**Work request:** For the records below, output word for word the lines from the one with "NON-SFI L&L HARNESS" up to and including the one with "ELERA Baby Thermometer". No pictures.

**Dataset:**
* * * *

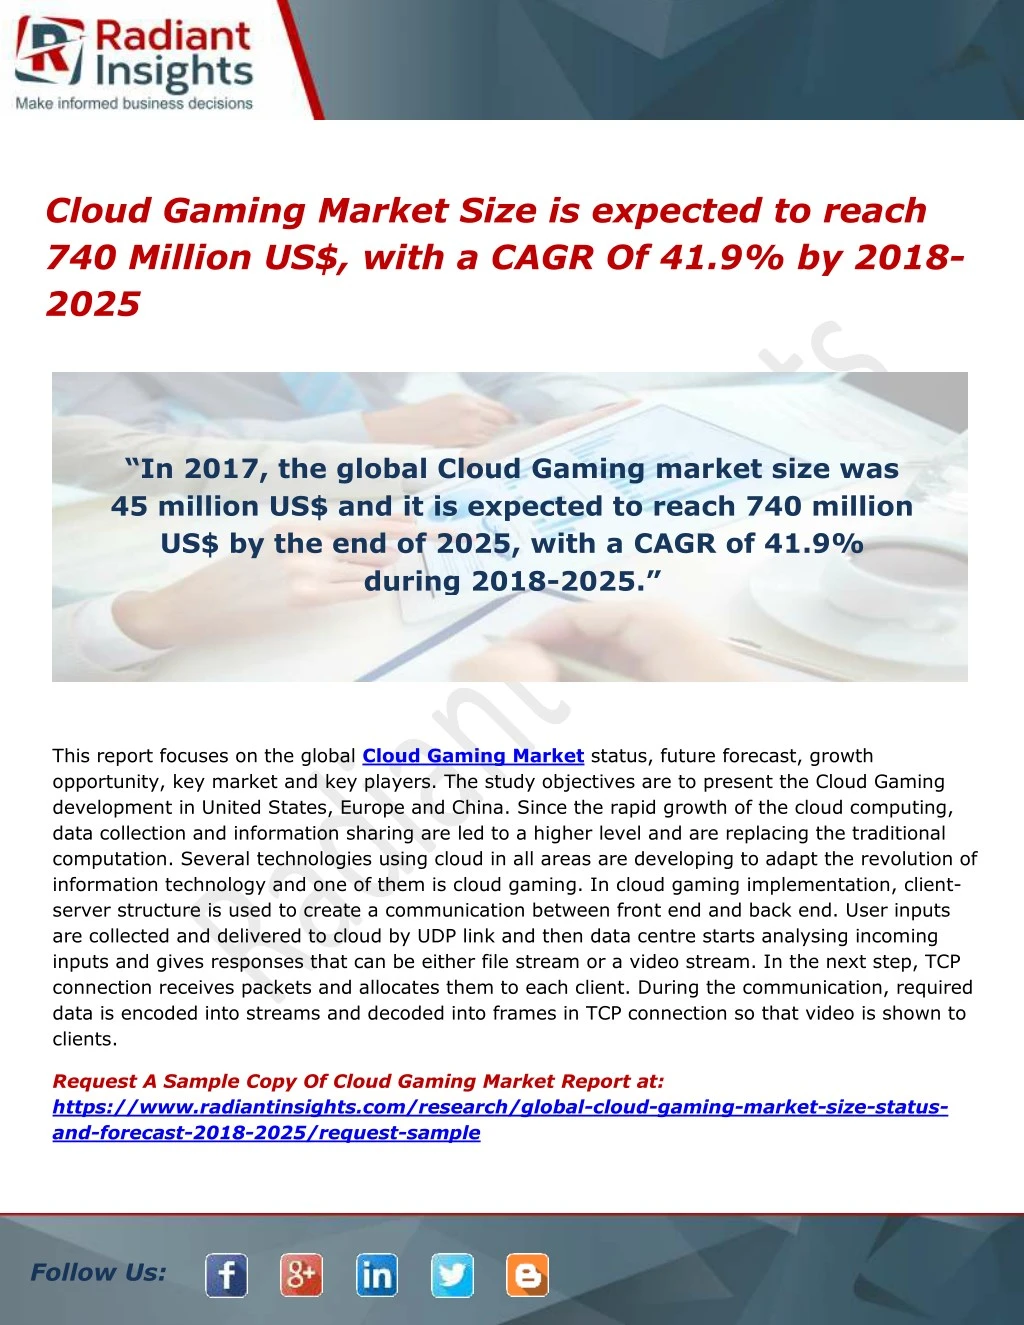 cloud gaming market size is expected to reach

* * * *

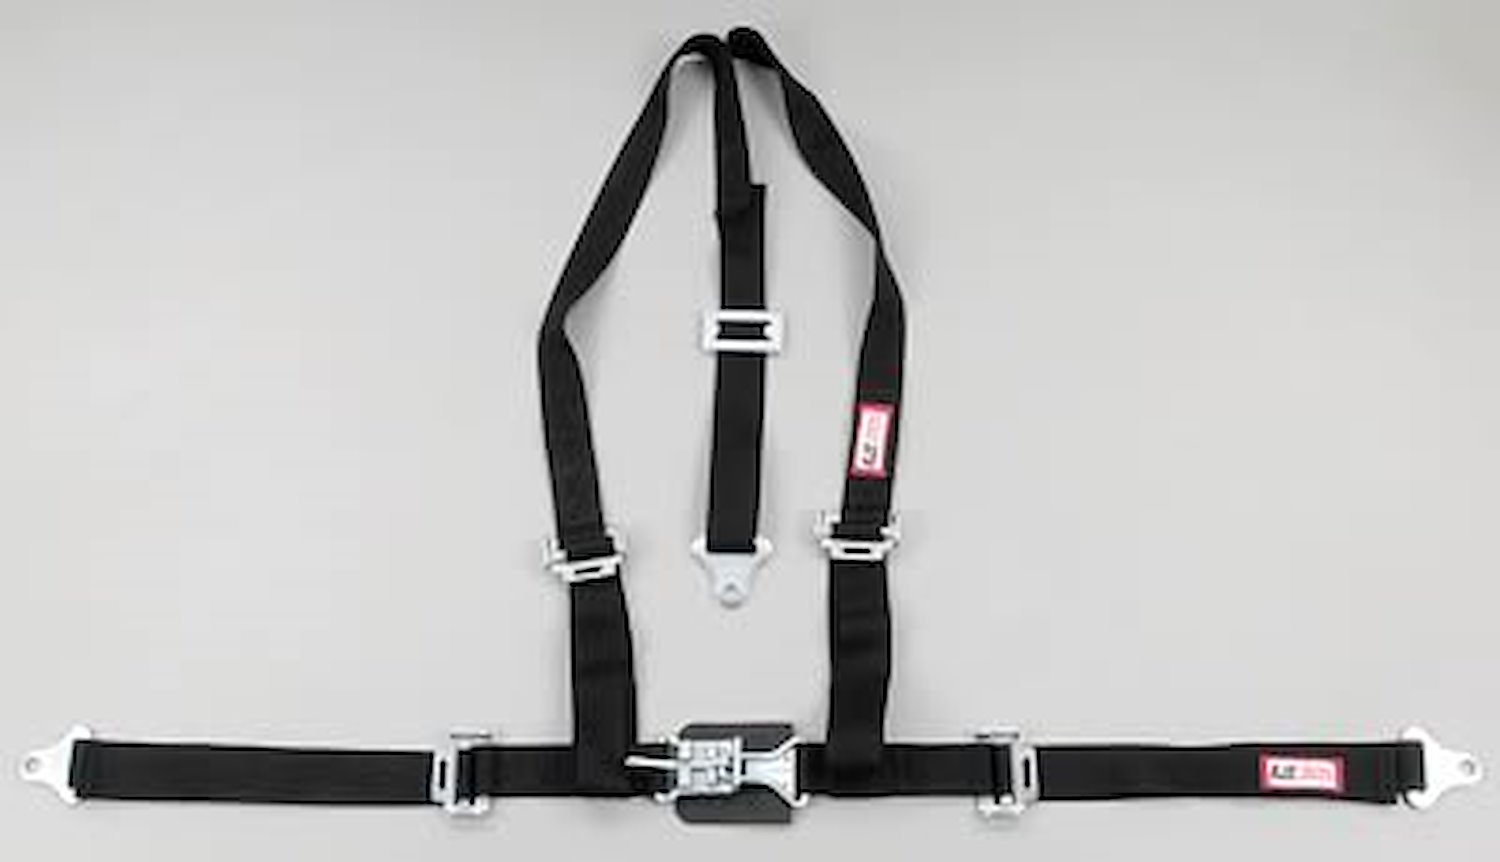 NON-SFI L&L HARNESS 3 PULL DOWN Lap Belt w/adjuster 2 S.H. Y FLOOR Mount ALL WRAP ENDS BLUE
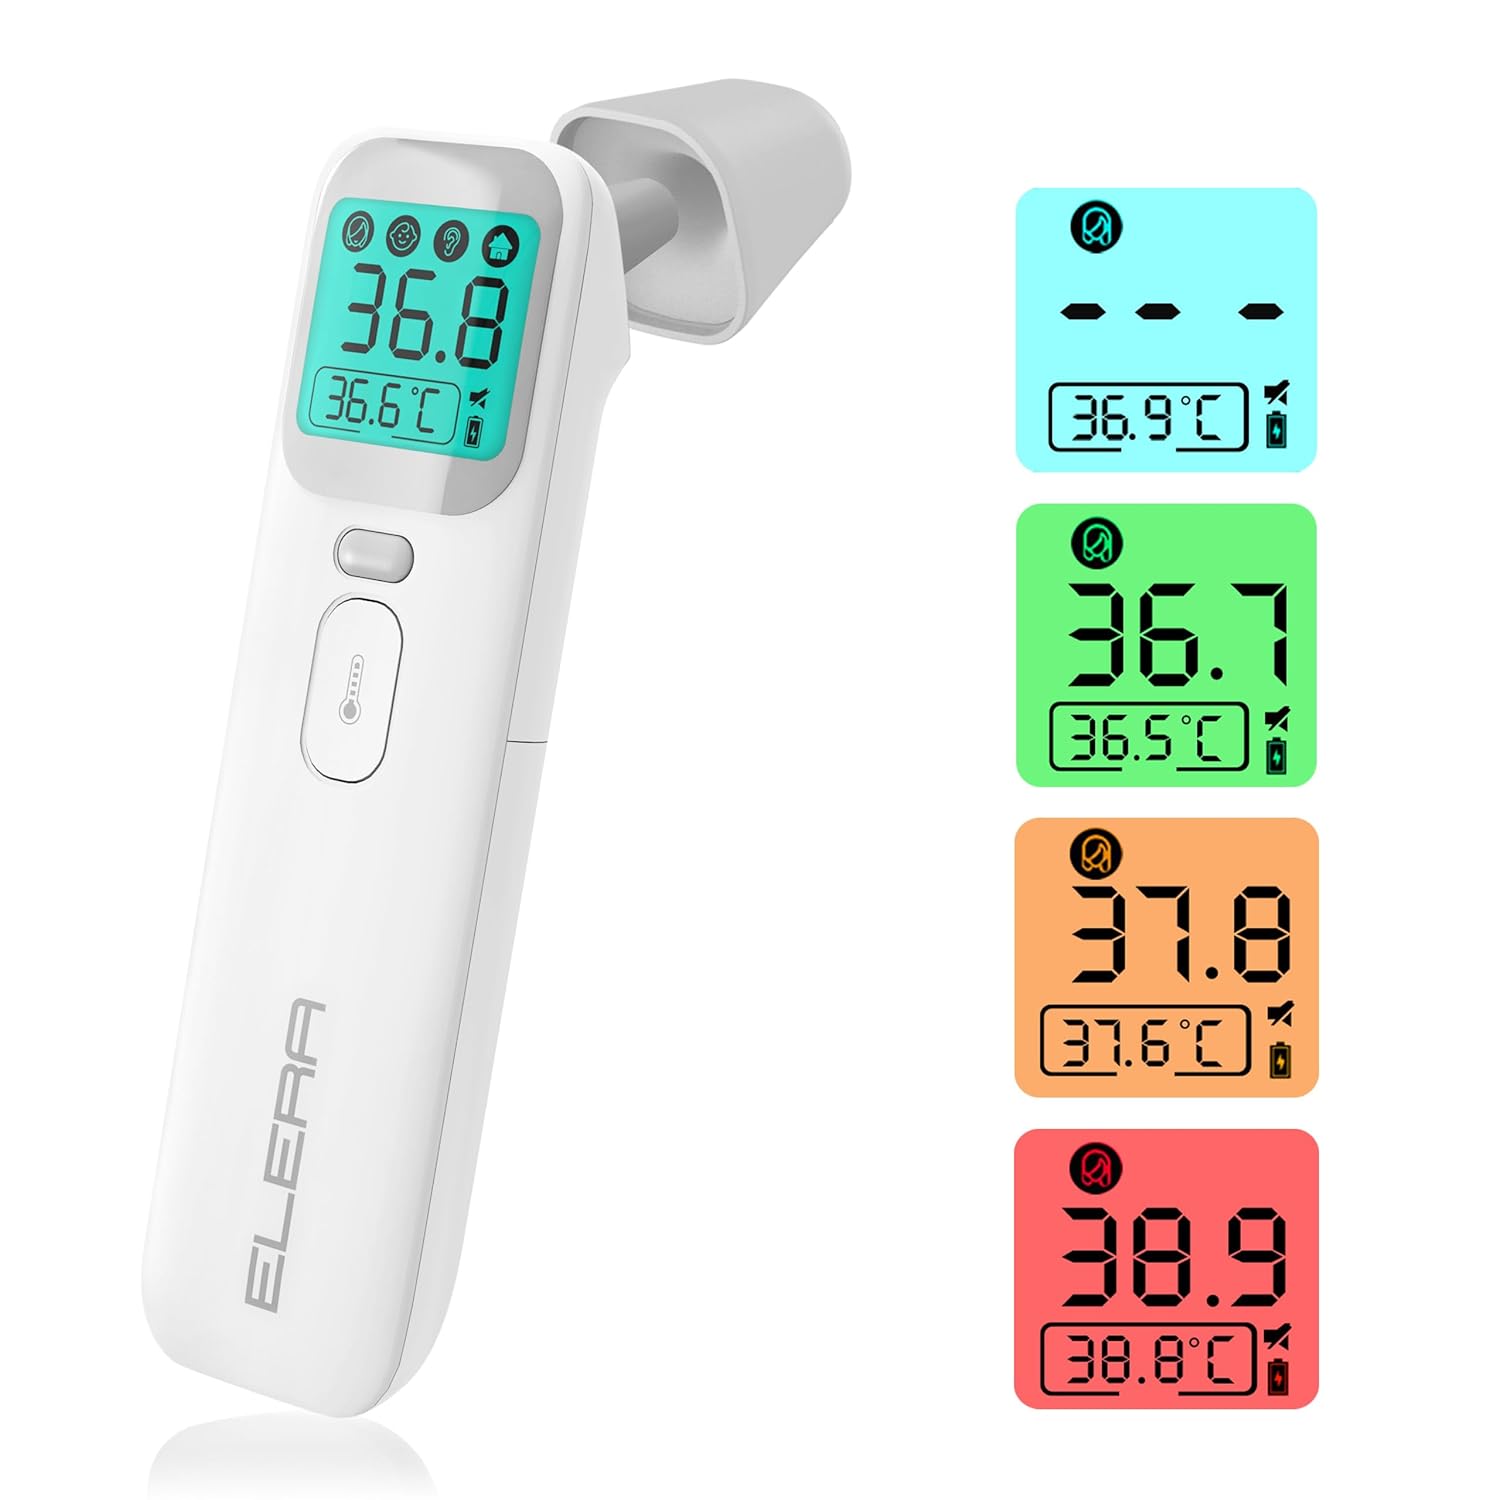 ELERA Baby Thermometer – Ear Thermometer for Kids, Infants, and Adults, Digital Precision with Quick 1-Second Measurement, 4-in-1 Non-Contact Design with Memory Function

* * * *

**Written solution:**
 NON-SFI L&L HARNESS 3 PULL DOWN Lap Belt w/adjuster 2 S.H. Y FLOOR Mount ALL WRAP ENDS BLUE
 ELERA Baby Thermometer – Ear Thermometer for Kids, Infants, and Adults, Digital Precision with Quick 1-Second Measurement, 4-in-1 Non-Contact Design with Memory Function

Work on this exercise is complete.